Siete victorias en siete partidos jugados en casa. La tarjeta de presentación que tiene el Udinese en el Friuli es de gran equipo, pero Conte no es de extrañar, ni intimidar: "Como siempre digo, respeto a todos pero no tengo miedo a nadie", dijo el técnico durante la rueda de prensa antes del partido de mañana. "El Udinese es el último equipo que aún quedan por delante entre los que pueden aspirar a los niveles más altos de la clasificación. Va a ser un incentivo más para jugar en un campo donde siempre ganan, anotando 14 goles a favor y sólo dos en contra. Sabemos las dificultades que nos encontraremos y nos estamos preparando. Por otra parte, el Udinese tiene jugadores importantes como Asamoah, Isla, Di Natale, codiciados por muchos equipos y que ya no es una revelación, sobre todo después del campeonato del año pasado, cuando a tres, cuatro jornadas del final peleó con el Nápoles el Scudetto al Milan".
La objetiva dificultad del partido, no limita las ambiciones de Conte. Un empate podría ser suficiente para mantener la imbatibilidad y el primer puesto en la clasificación, pero la filosofía de la Juve es otra: "No quiero sonar arrogante o presumido, pero estamos trabajando para sacar siempre el máximo. Por lo tanto, no iremos satisfechos a Udine, porque no forma parte de nuestra manera de pensar. No debe parecer arrogante, pero es parte del camino que hemos emprendido. Si los rivales resultan más fuertes que nosotros, les estrecharemos la mano. Pero antes y durante el partido no debemos estar satisfechos con los objetivos mínimos".
La Juve no puede no luchar siempre para ganar todo el tiempo. Y por esta razón que el Udinese es el modelo, que permite encontrar y cultivar el talento en casa, y no es exportable a un grande. "No hay paciencia con los grandes equipos. El Udinese terminó la temporada pasada en cuarto lugar, nosotros en el séptimo, pero lo primero que te piden es el Scudetto. No es lo mismo para Guidolin, que tiene más tiempo para trabajar y crecer".

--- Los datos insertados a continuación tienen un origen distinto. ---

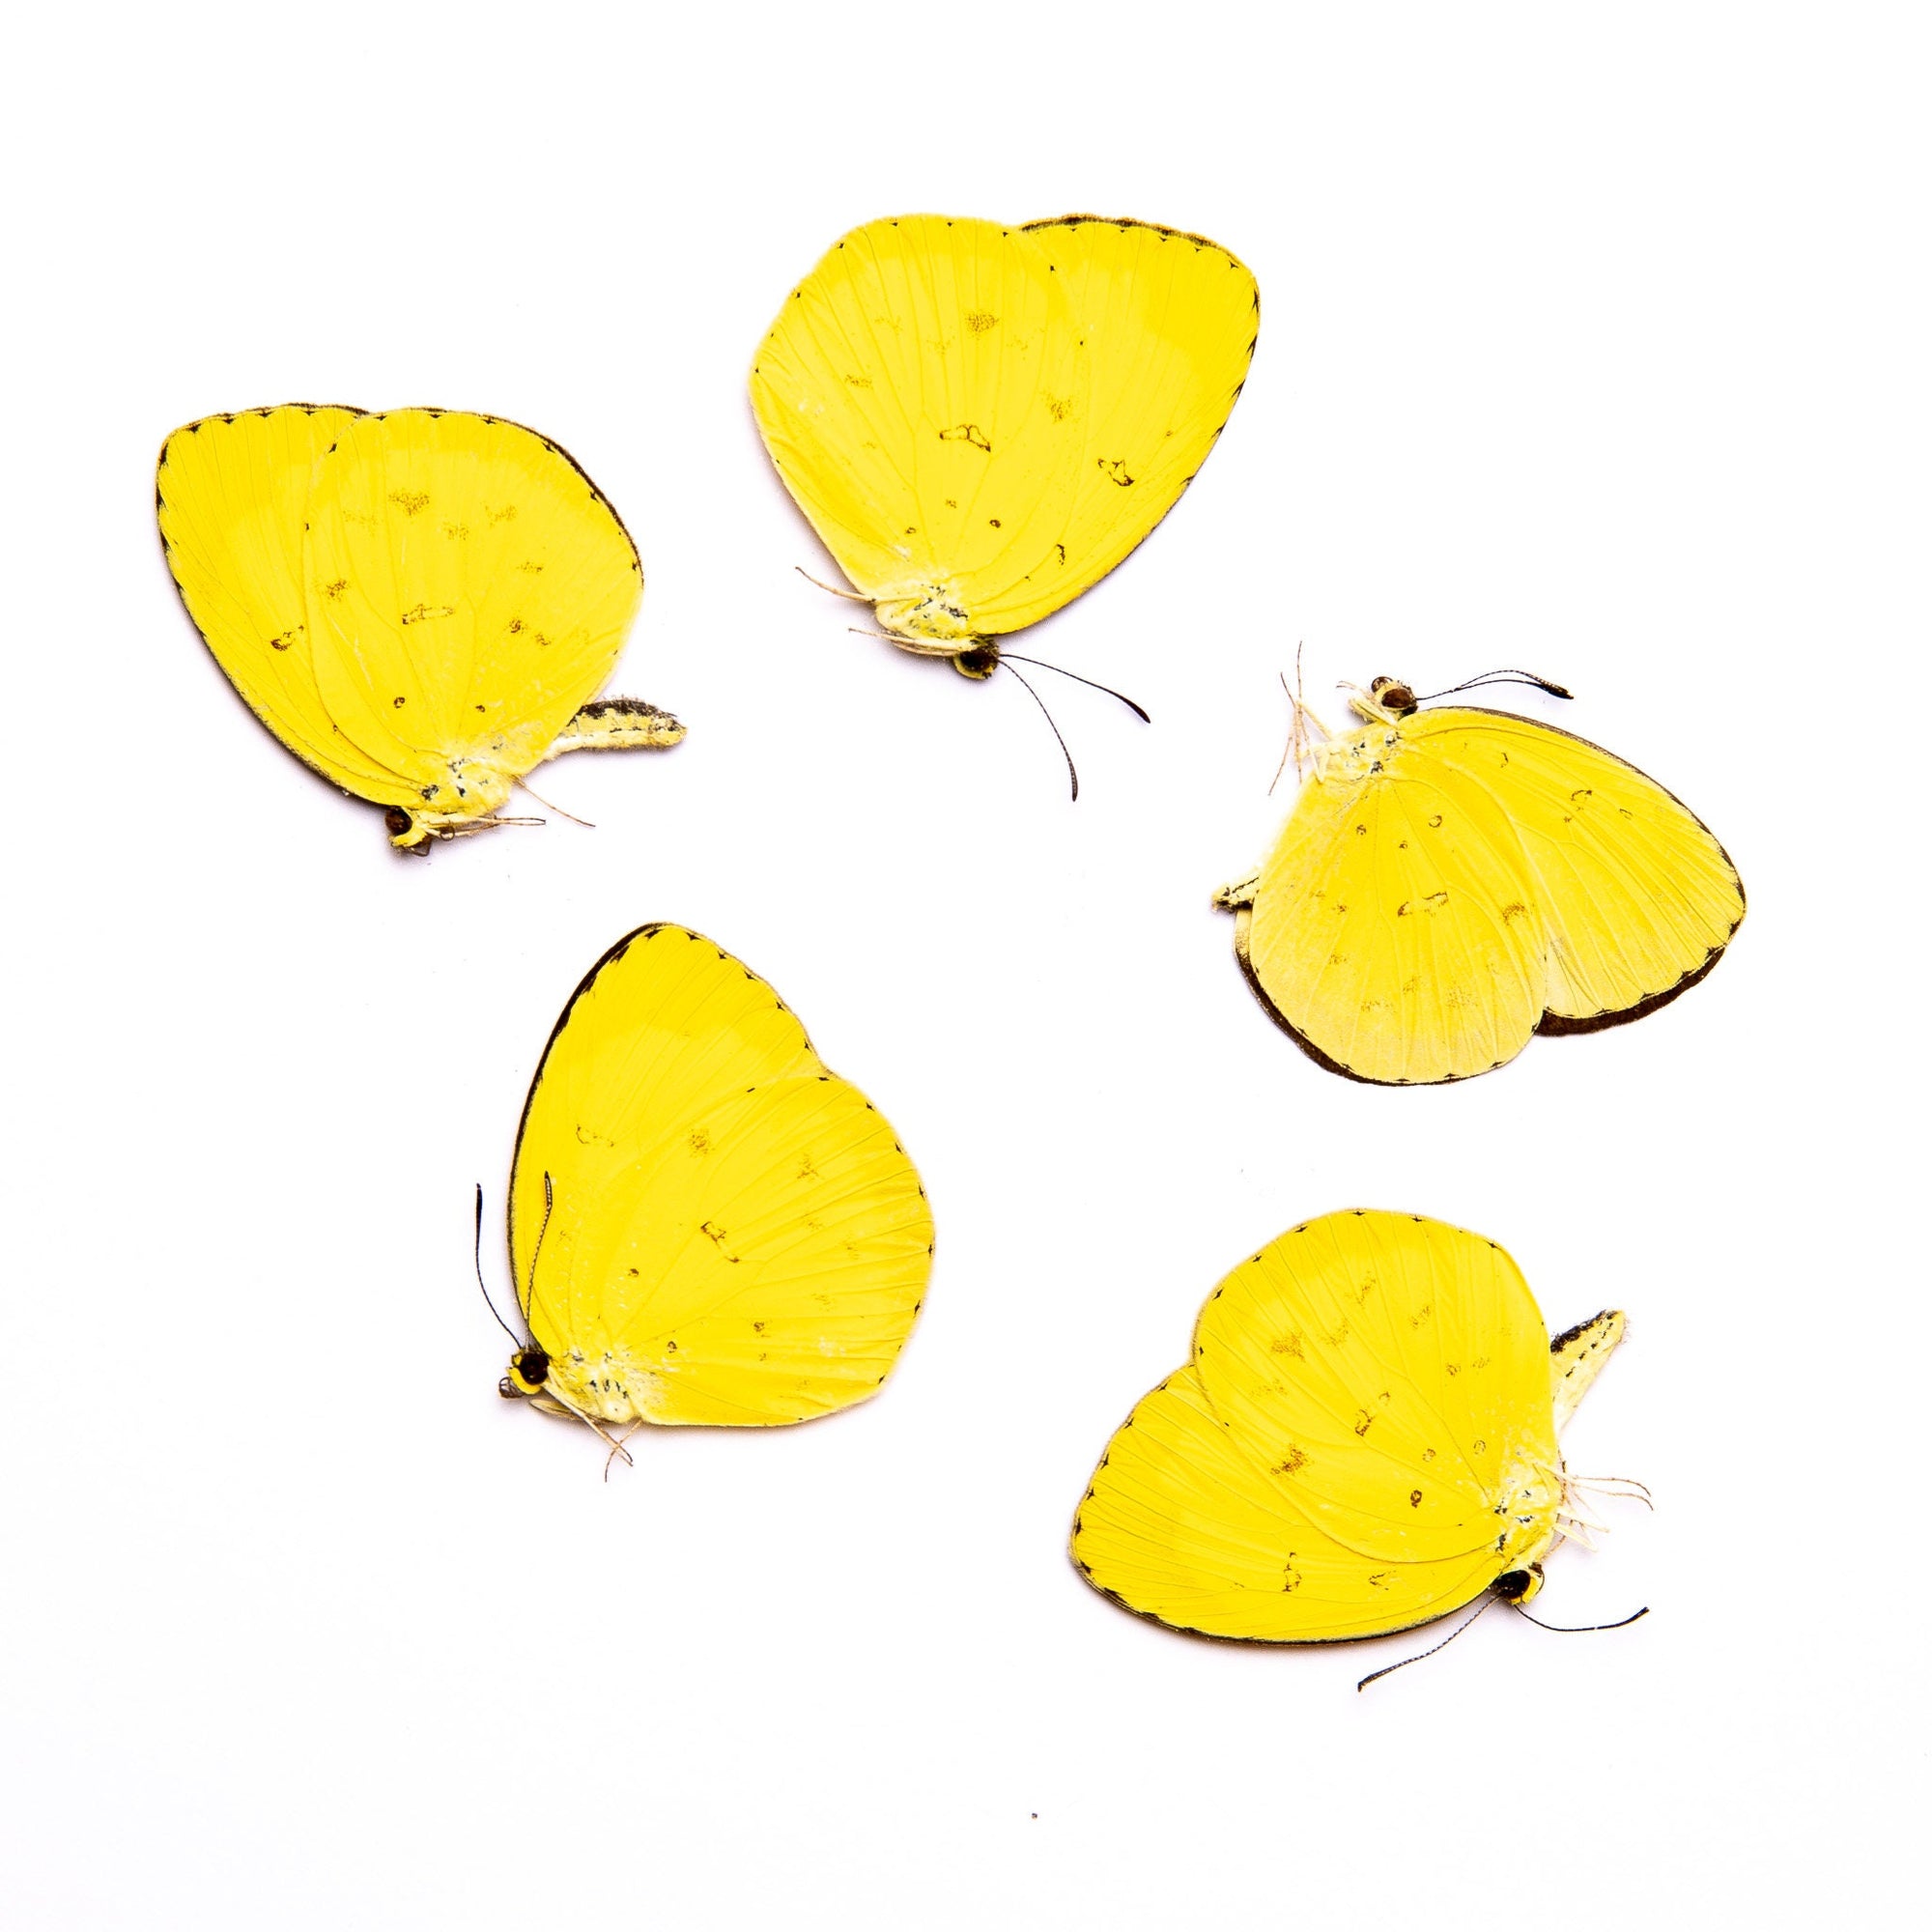 FIVE (5) Eurema hecabe | A1 Real Dry-Preserved Butterflies | Unmounted Entomology Taxidermy Specimens

Tiempo que Conte objetivamente ha tenido poco y ya ha logrado dar el juego al equipo y una mentalidad ganadora. No es casualidad que Marotta le haya situado como el primer arquitecto de la exitosa Juventus. "No puedo agradecer al director sus palabras usadas en mi favor, estas expresiones de aprecio son una fuente de orgullo. Todos, desde el presidente para abajo, estamos trabajando duro y todos tenemos que ser útiles, pero sabiendo que no somos indispensables. Fuimos más allá de los pronósticos más optimistas, pero sólo han pasado 15 jornadas y las cuentas se harán en mayo. Los números están en los ojos de todos, el crédito va a la disponibilidad y al deseo de mis jugadores. ¿La mayor satisfacción? Recuperar la credibilidad ante los ojos de los fans y detractores. Ahora hay de nuevo respeto para nosotros".

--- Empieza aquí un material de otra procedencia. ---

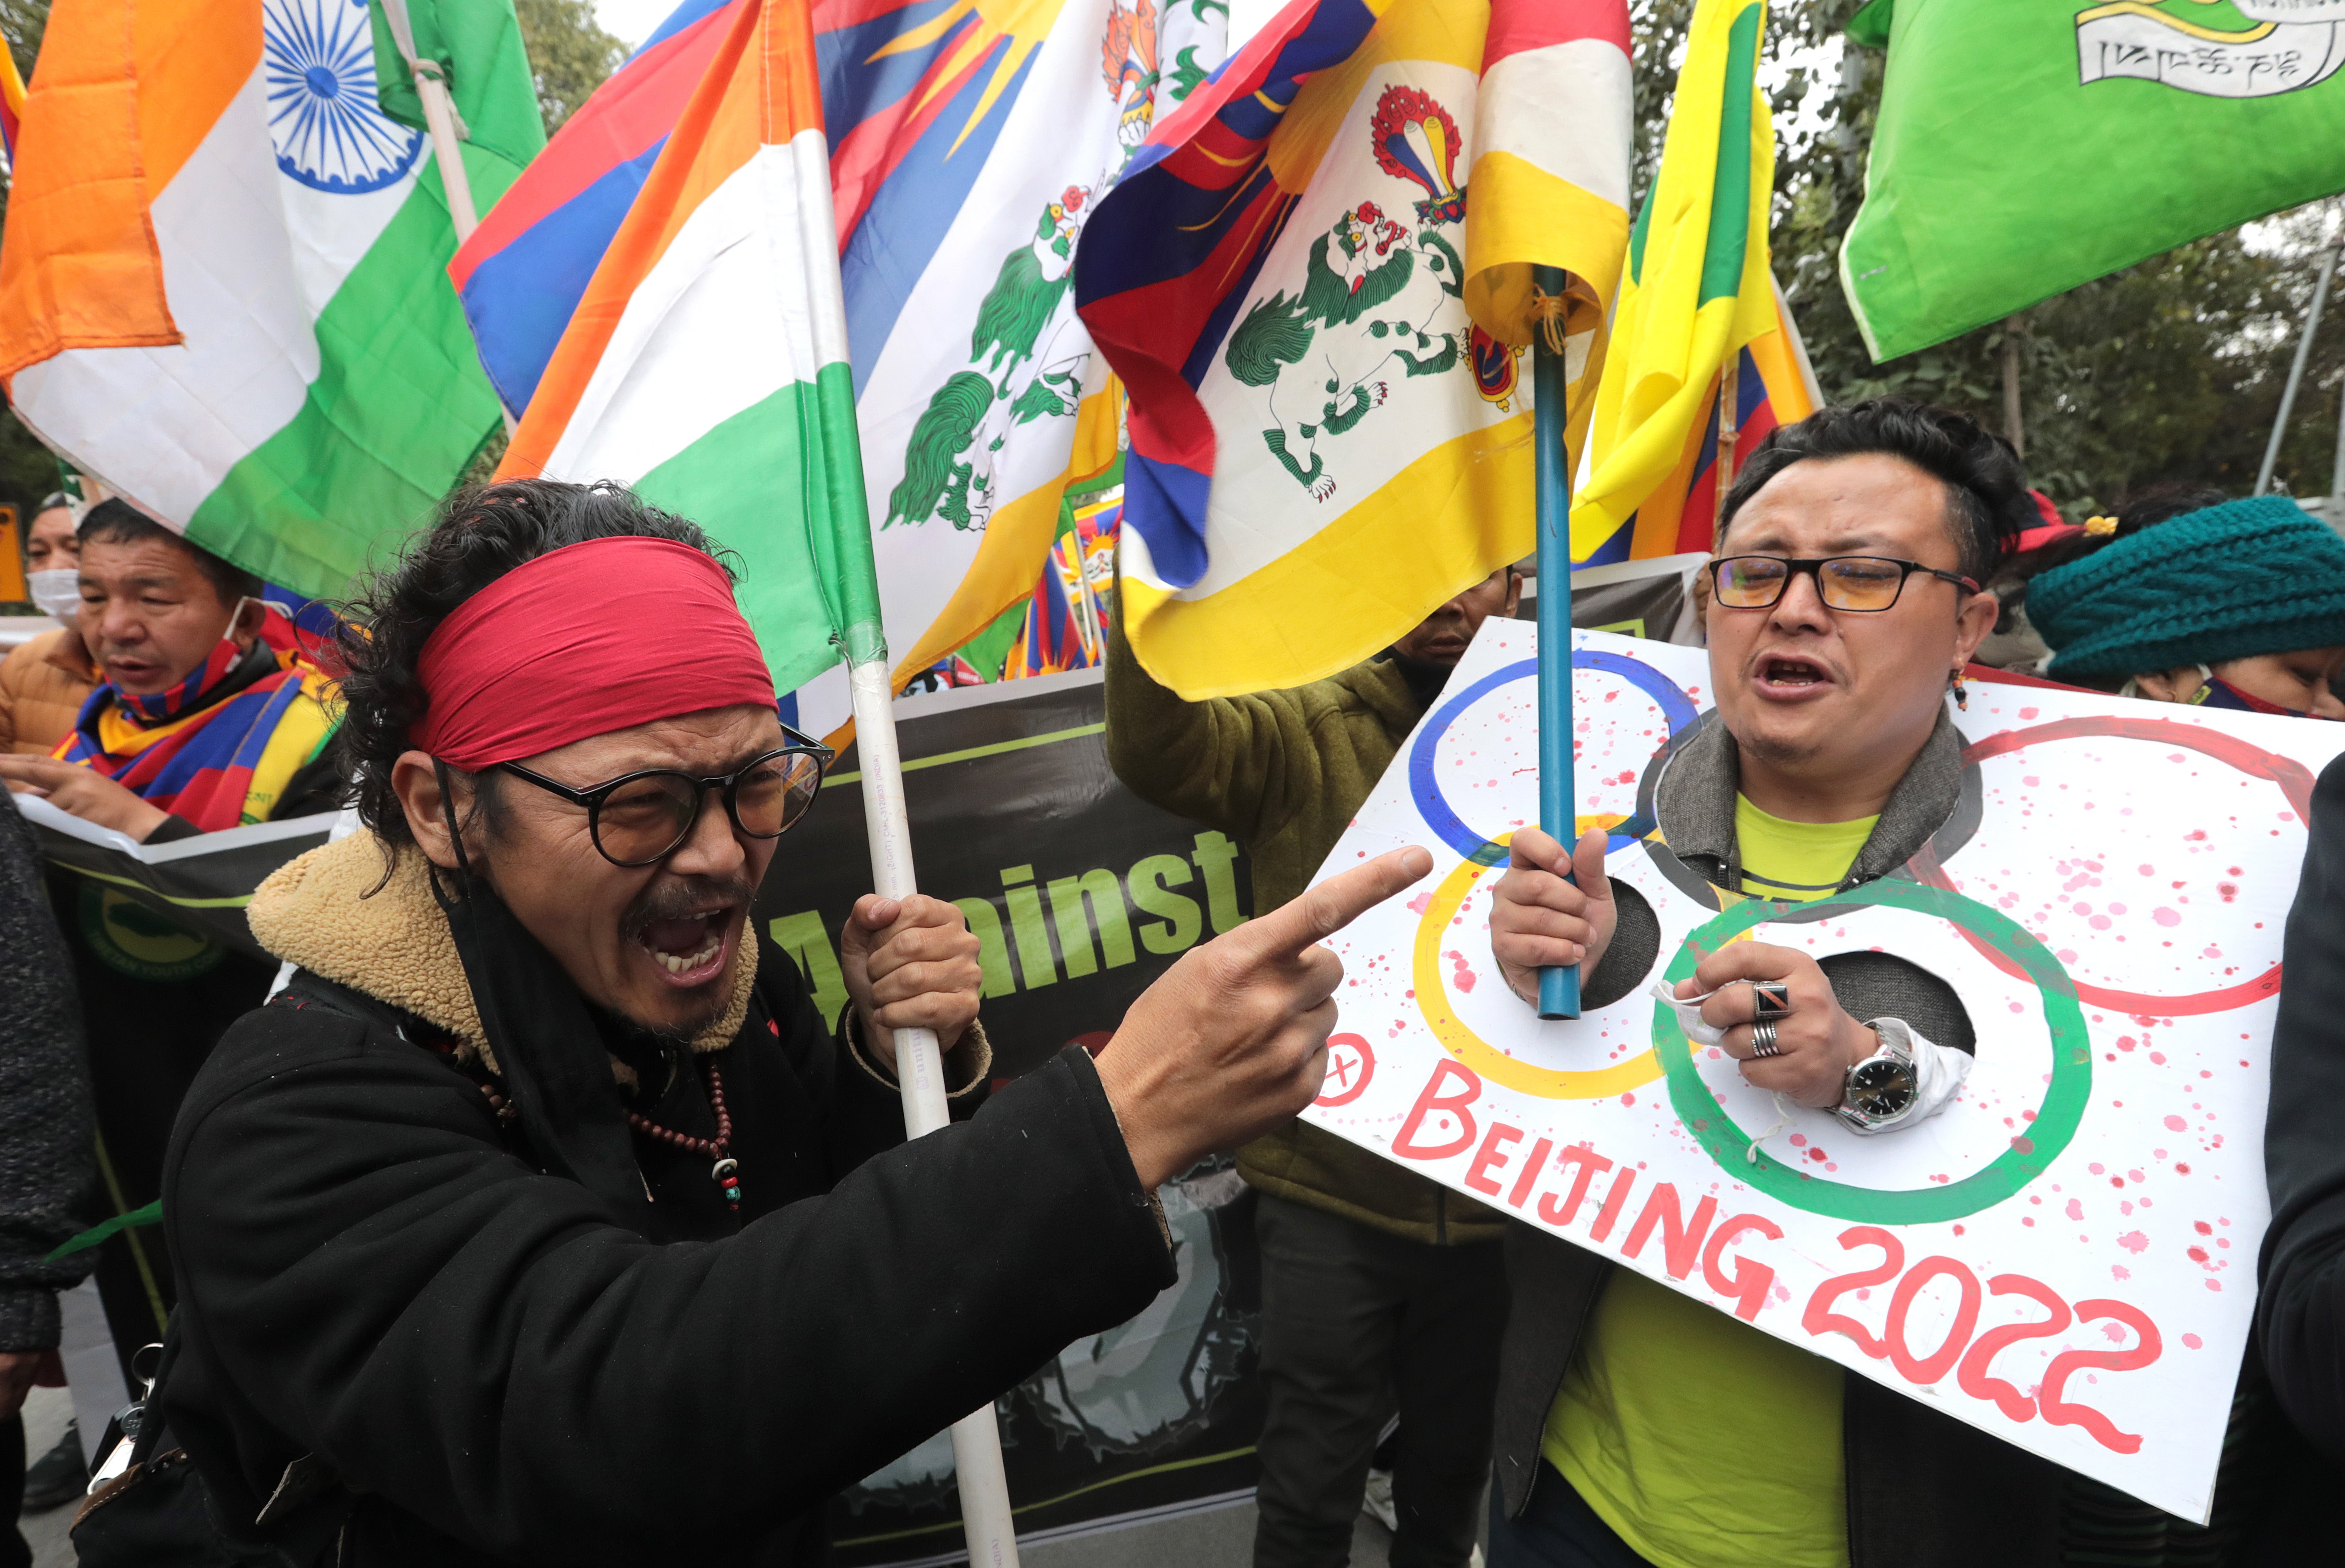 Tibetans living in exile in India take part in a protest march in Delhi against the 2022 Beijing Winter Olympics

El último partido contra Novara dio a Conte nuevas certezas. Quien hasta ahora ha jugado menos, sin embargo, ha demostrado estar completamente insertado en los mecanismos del equipo y el entrenador ya tiene otra opción muy amplia. "Yo no tenía dudas acerca de las respuestas que he recibido de los jugadores menos utilizados, porque veo cómo entrena el grupo. Tratamos de preparar a todos para jugar y el mérito de los resultados es de mi equipo técnico. La Juve debe tener una plantilla que se pueda compensar con ausencias, sin cambiar el resultado. Y eso es lo que sucedió contra el Novara. Me alegro por el trabajo de Quagliarella, coronado con un gol. Para los delanteros es crucial marcar, ya que viven de esta alegría. Yo sería muy feliz si también hubiera marcado Alex, pero yo estaba interesado en el rendimiento y me alegré de su juego para el equipo. Los goles llegarán a lo largo. Para mañana voy a tener que considerar con cuidado la última sesión de entrenamiento, ya que algunos han salido tocados del partido del domingo. ¿Un cambio de táctica? Es una posibilidad", asegura Conte.